Just arrived in the small mountain town of Angangueno, a couple of hours drive north-west of Mexico City. Across the straw-coloured, dry season planes, past roadside vendors selling sliced watermelons, peaches, and tepache -- the juice of fermented pineapple skin. And now the evening sunlight through the sharp mountain air is doing wonders for the rows of geraniums in terracotta pots outside blue and purple painted houses.
We’re surrounded by pine-covered slopes that head steeply up towards the butterfly forests, somewhere around the 3000 m mark, but I don't yet know how much further we have to go to find them. The road from here just seems to wind up and up into the hills.

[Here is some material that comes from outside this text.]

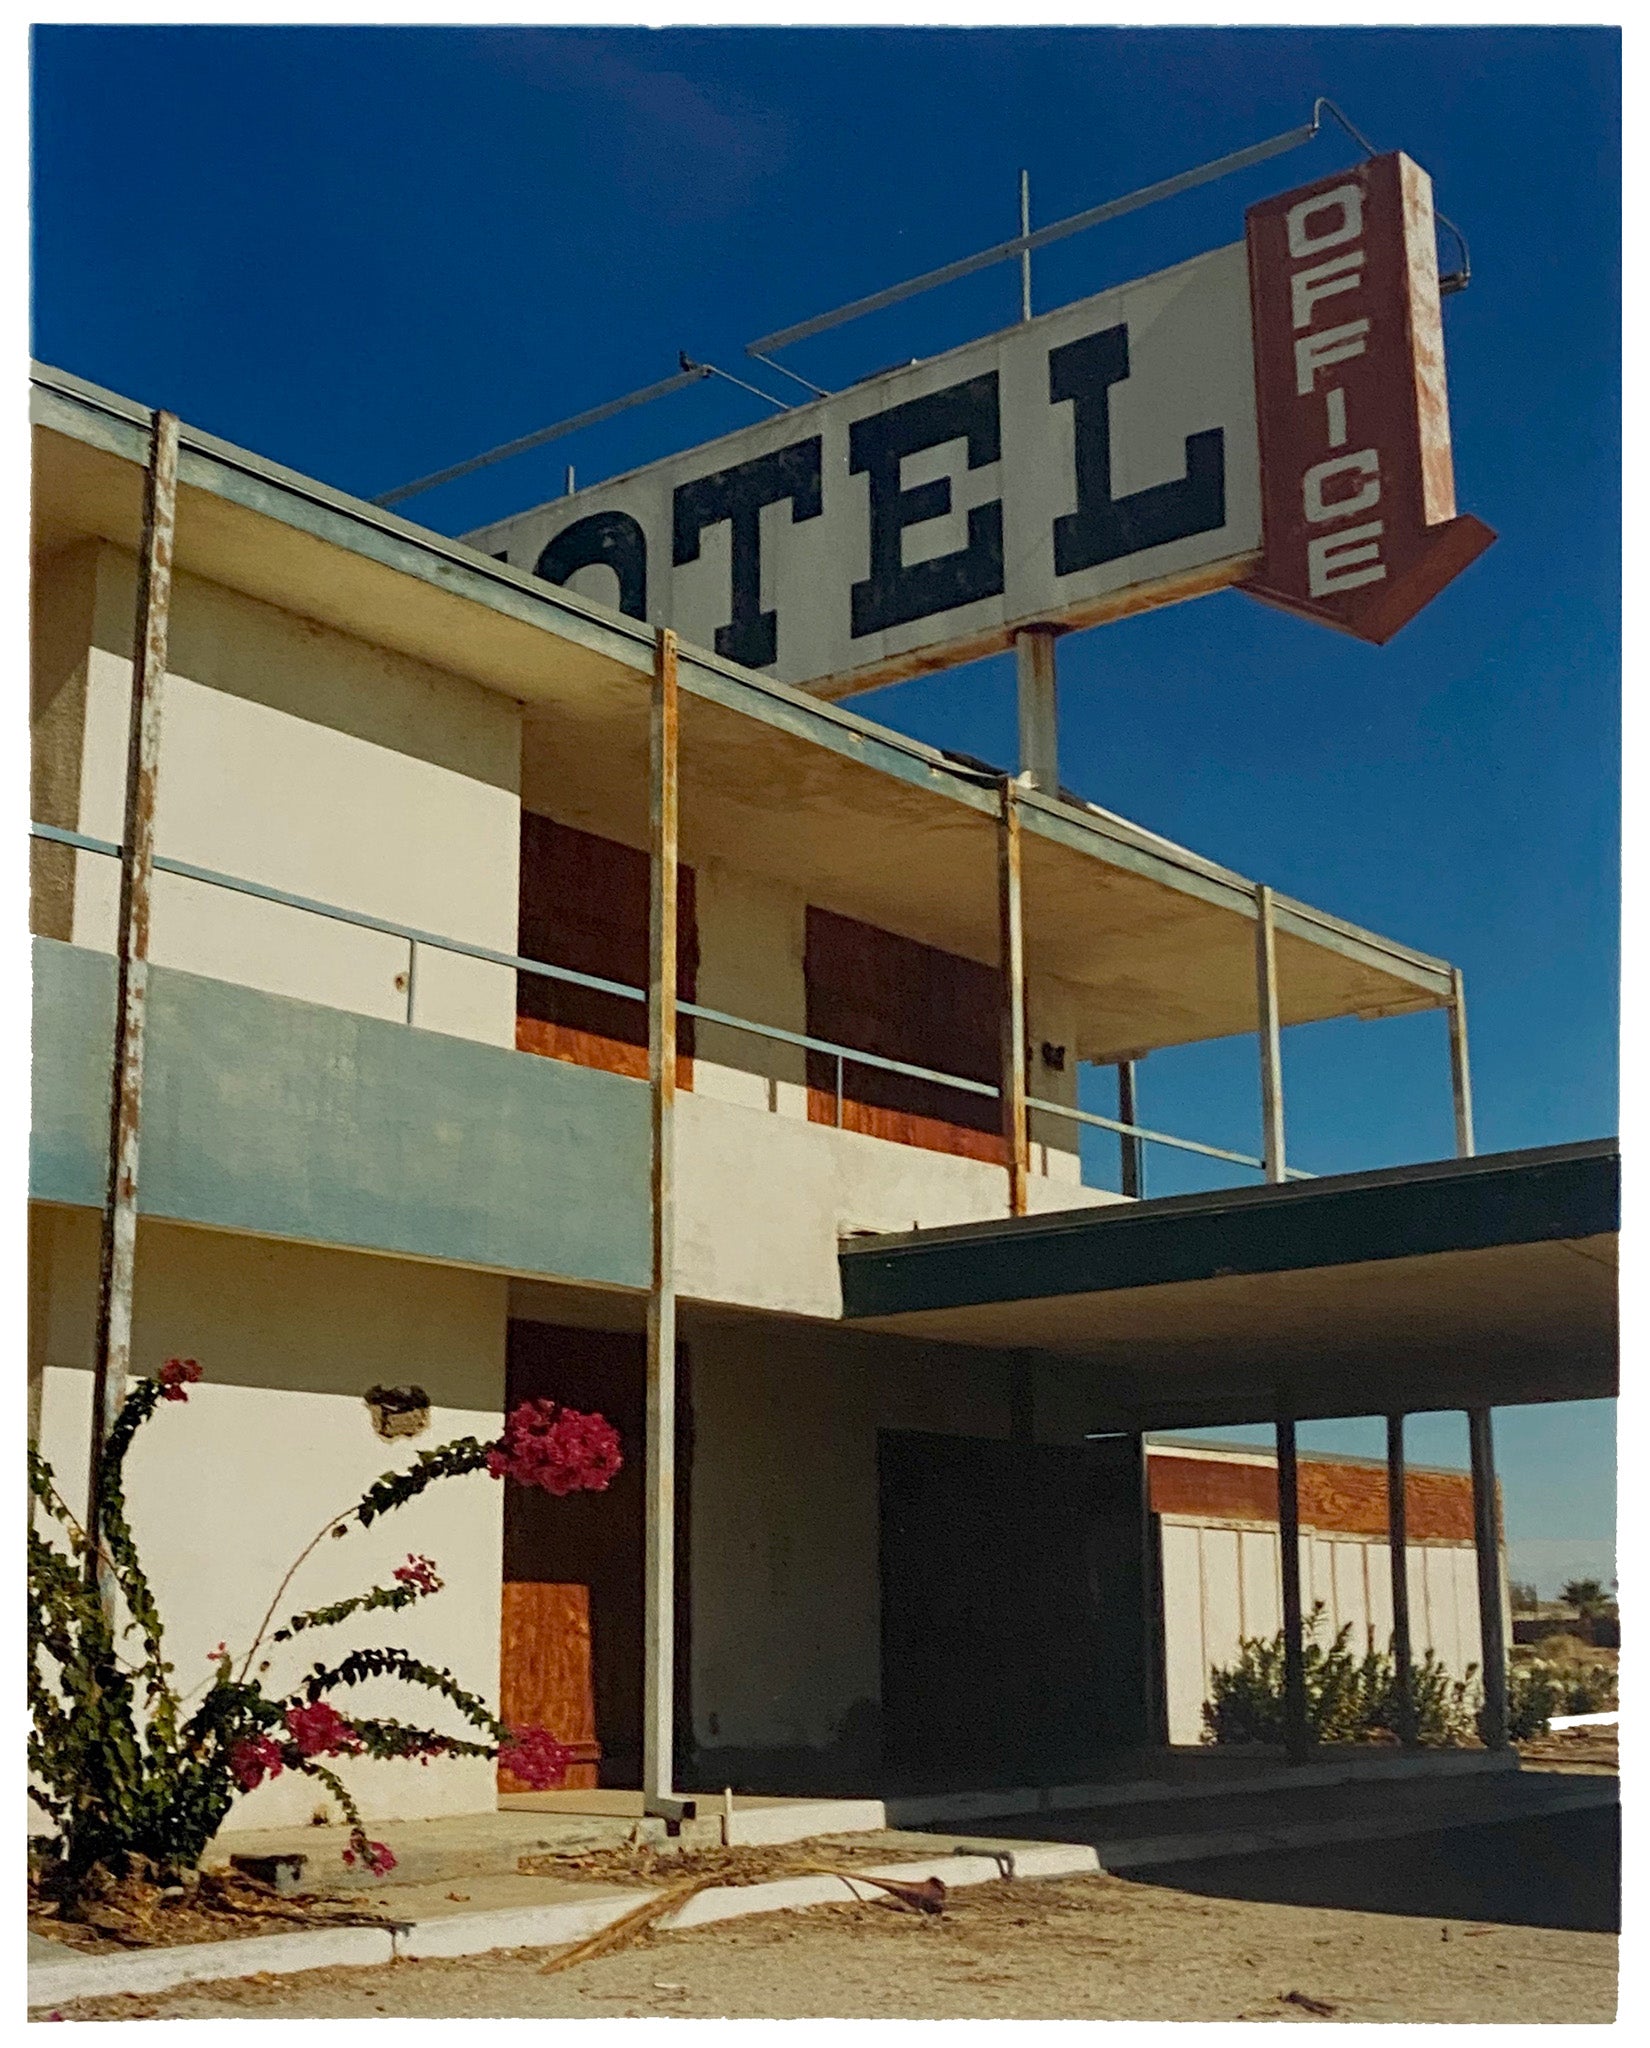 North Shore Motel Office II from Richard Heeps Salton Sea series. Blue skies over this Californian classic mid-century modern Americana Motel exterior. Captured by Richard Heeps in the Salton Sea in 2003 but only executed in his darkroom for the first time in Spring 2020.

Outside the hotel now there's a camera crew unloading gear -- we're certainly not the first to come here on the monarch trail. The tourist industry is big as well and there are vans painted in the monarch's orange and black colours and kiosks offering guided tours. And for me at the moment there’s a mixture of excitement at the prospect of seeing one of the great natural wonders, and nervousness that either it won’t live up to the glossy media images or that I'll be more aware of the butterfly watchers than the butterflies. I've also been reading some pretty shocking things about the threat from logging, and I want to find out more.
Meeting scientist, Chip Taylor, in a couple of days. He's involved in a program to tag butterflies and follow their journey -- I know -- I can't imagine what kind of tag you can put on such a flimsy insect, but I'll find out. Will keep you posted look out for the photos and video too.